Typical procedure: Catalyst 2b (5.4 mg, 1 mol%) and a magnetic stirring bar was placed in a Schlenk tube and the atmosphere was replaced with argon. Under a gentle stream of argon, EtOAc (0.5 mL) was added. After dissolving the catalyst, the mixture was heated at 50 ˚C for 30 min, followed by addition of a freshly distilled aldehyde (4; 0.5 mmol) and then Danishefsky’s diene (3; 110 µL, 0.6 mmol) under a gentle stream of argon. The reaction was carried out at 50 ˚C for 12 h. After that time, the reaction mixture was cooled to r.t. and quenched with TFA (3 drops). After 30 min, the reaction mixture was diluted with CH2Cl2 and extracted with sat. aq K2CO3, H2O, and brine.
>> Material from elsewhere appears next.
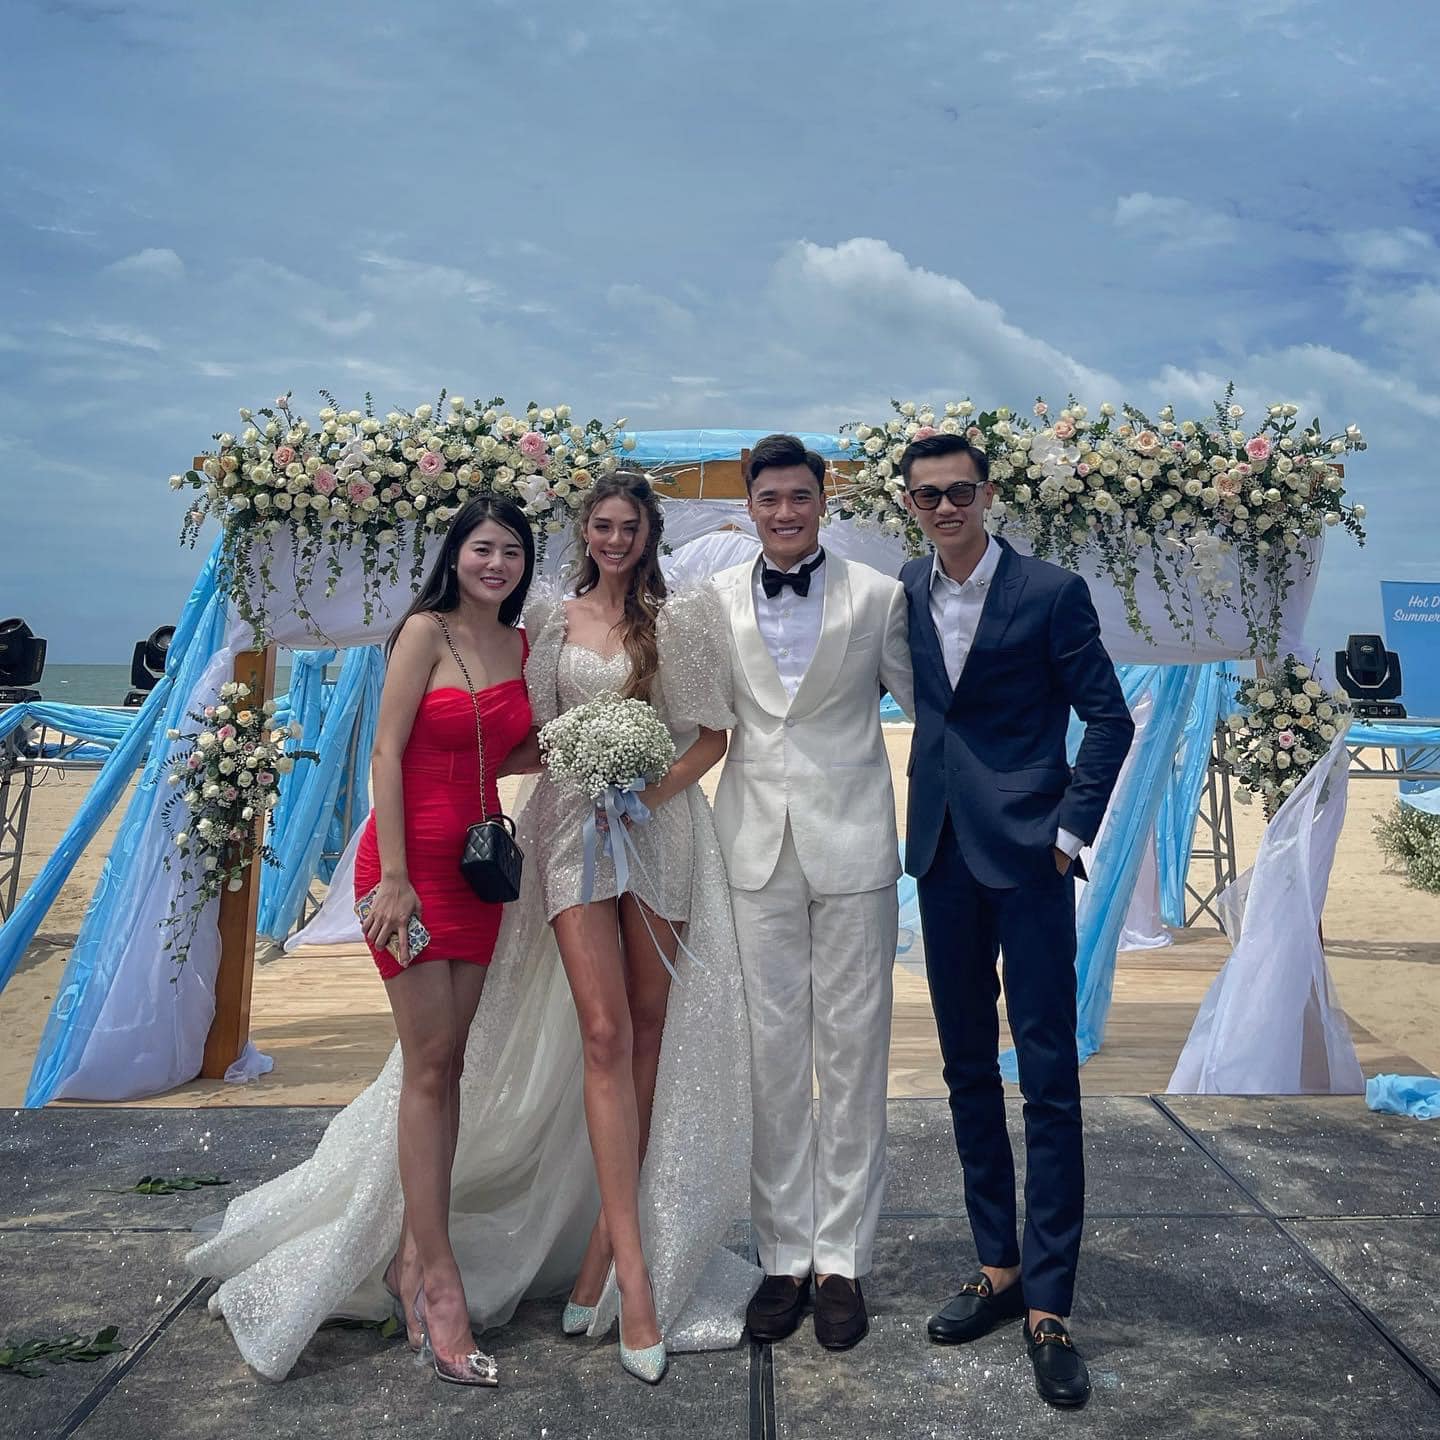 HOT: Thủ môn Bùi Tiến Dũng tổ chức đám cưới với bạn gái Tây, dàn tuyển thủ Việt Nam đều góp mặt chung vui - Ảnh 3

The organic phase was concentrated and purified by chromatography over silica gel.

11

¹H NMR (200 MHz, CDCl3): δ = 2.6 (dd, J = 8.6, 3.8 Hz, 2 H), 2.75 (dd, J = 15, 3 Hz, 2 H), 3.6 (s, 3 H), 4.7 (m, 1 H), 4.7 (dd, J = 5.6, 2.2 Hz, 1 H), 7.4 (m, 5 H); ¹³C NMR (50 MHz, CDCl3): δ = 47.6, 48.6, 56.6, 73.2, 101.2, 125.7, 128.1, 128.6, 140.0, 204.9; IR: 2848, 1722, 1460, 1391, 1276, 1135, 1045, 762, 700, 460 cm; MS: m/z [M + Na + MeOH]+ calcd: 261.11094; found: 261.10973 (in the presence of EtOH instead of MeOH, the observed ion was [M + Na + EtOH]+: calcd 275.12403; found: 275.12538); Anal. Calcd for C12H14O3: C, 69.88; H, 6.84; O, 23.27. Found: C, 69.93; H, 6.91; O, 23.16.